# How to Use 3D Analyzer....



## koolent (Jan 20, 2012)

Hi,

I am having the following configuration:

Processor : Intel Core 2 Duo 2.8 GHz
Graphics : Intel GMA 3100 128 MB
RAM : 2 GB
Operating System : Windows 7 Ultimate 32 Bit

I want to Run X-Men Origins: Wolverine on my pc which requires 256 MB GPU Memory.. Anybody knows how can I run it using 3D Analyzer or VMWare workstation 8 ? Plz help..

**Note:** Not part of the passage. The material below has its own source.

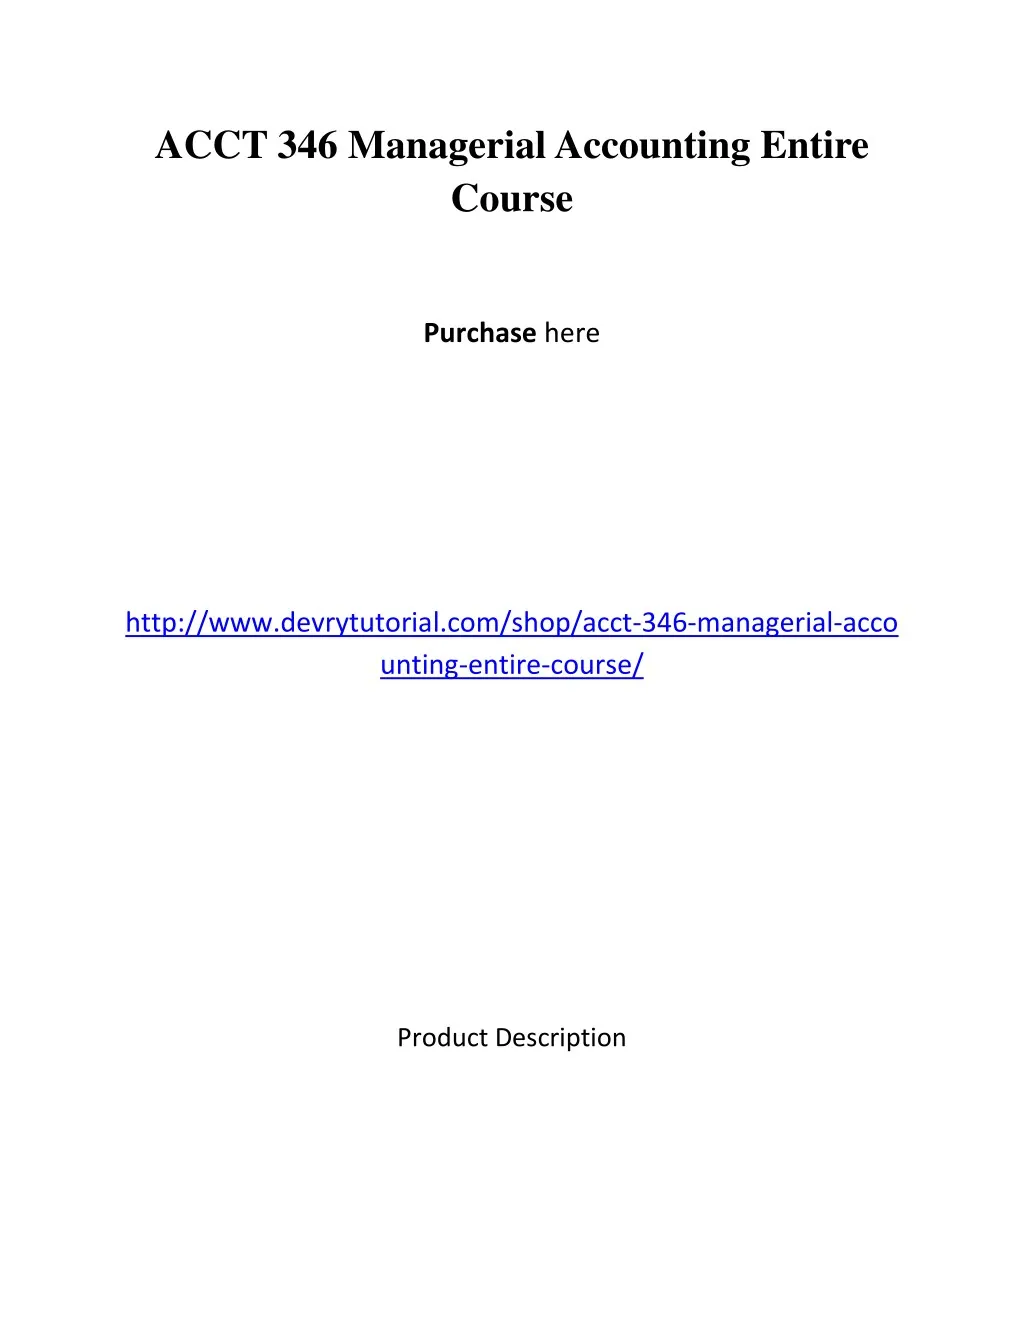 acct 346 managerial accounting entire course

Or if there is a problem with Windows 7


----------



## thetechfreak (Jan 20, 2012)

3d analyzer is not a graphic card replacement. You wont be able to run this.


----------



## fz8975 (Jan 20, 2012)

it requires shadermodel 3.0, you want able to run the using 3danalyze
you can crysis warhead,nfs undercover (tested) ..but with ultra low fps.
I tried it on intel 945


----------



## Alok (Jan 20, 2012)

You need a descent gpu. Even 8400gs will work with that game. 
3d analyser won't help.
Imagin if it can why we buy gpu upto 10000/-


----------



## koolent (Jan 20, 2012)

anyways... Thanks guyz.. u helpd my doubts clear...


----------